Other engagements followed in rapid succession. She became chairperson of the Fourth Committee of the General Assembly; chairperson in 1962 for a special committee on the issue of Ruanda-Urundi (a Belgium Trust Territory divided that year into the respective states of Rwanda and Burundi); and chairperson in 1964 of a U.N. Visiting Mission to the Trust Territory of the Pacific Islands. In 1966 she presided over the principal U.N. organ devoted to dependent peoples, the Trusteeship Council. She was the first woman and the first African to serve in this capacity.
Soon came the crowning opportunity of any career in diplomacy - election as presiding officer of the General Assembly, the only principal U.N. organ where all member states are represented on the basis of sovereign equality. The rooster of those who have served is a veritable who's who of world diplomats. Then, only one female (India's Vijaya Lakshimi Pandit) and two Africans (Tunisia's Mongi Slim, and Ghana's Alex Quaison-Sackey) had enjoyed the distinction.

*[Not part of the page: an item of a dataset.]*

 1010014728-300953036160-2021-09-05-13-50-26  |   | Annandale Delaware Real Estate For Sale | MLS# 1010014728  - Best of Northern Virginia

Given her familiarity with the terrain and the actors at the U.N. it seemed natural that she would aspire to the office. But first, she had to secure the support of her home government and the African caucusing group. It was an uphill struggle as she later related. Doubt was in the air at the State Department and elsewhere in Monrovia as to whether she was ready for such a responsibility. Confident in her own abilities, however, she never relented in waging a most vigorous campaign on both the Liberian and African fronts. With President Tubman's eventual support, coupled with the softening of extra-Liberian reticence, she prevailed.
Mrs. Brooks was formally elected 16 September 1969 as President of the Twenty Fourth Regular Session of the U.N. General Assembly. Though a large number of African states had by then attained independence, a colonial residue persisted notably white minority rule in southern Africa. These joined other agenda items to test her mettle as she presided over the world body. In her closing speech as Assembly President she laid down a challenge as she declared: "If much remains to be done, new avenues to be explored, new attitudes and ideas to be found, we have given the direction to future assemblies."
Ambassador Brooks remained at the State Department (Ministry of Foreign Affairs) through the mid-1970s, accepting an appointment in 1975 as the Permanent Representative of Liberia to the United Nations. Two years later President Tolbert appointed her the first female Associate Justice of the Supreme Court of Liberia. She served on the Court until the 1980 coup d'etat.
Pace-setter diplomat at home, across and beyond the African continent, she blazed the trail for those that followed in a now established Liberian diplomatic corps - Eugenia W. Stevenson (former Ambassador to Germany, and the USA); Neh Dukuly Tolbert (former Ambassador to France, and current to China); Abeodu Bowen Jones (former Ambassador to the U.N.); Edith Bowen Carr (former Ambassador to France); Lois Lewis Brutus (current Ambassador to South Africa); Vivian Wreh (current Ambassador to Cote d'Ivoire); Sadia Massaquoi Bangura (current Ambassador to Germany) and Yongor Tellewoda (current Ambassador to the European Union).
Angie Brooks has left us an enviable legacy - personal qualities of hard work, fortitude and determination; professional competence and dedication; role model for our aspiring young women. In the United Nations and other archives are the full records of service of this remarkable Liberian woman. Her career is worthy of a book-length account. It is my earnest hope that someone will rise to this challenge.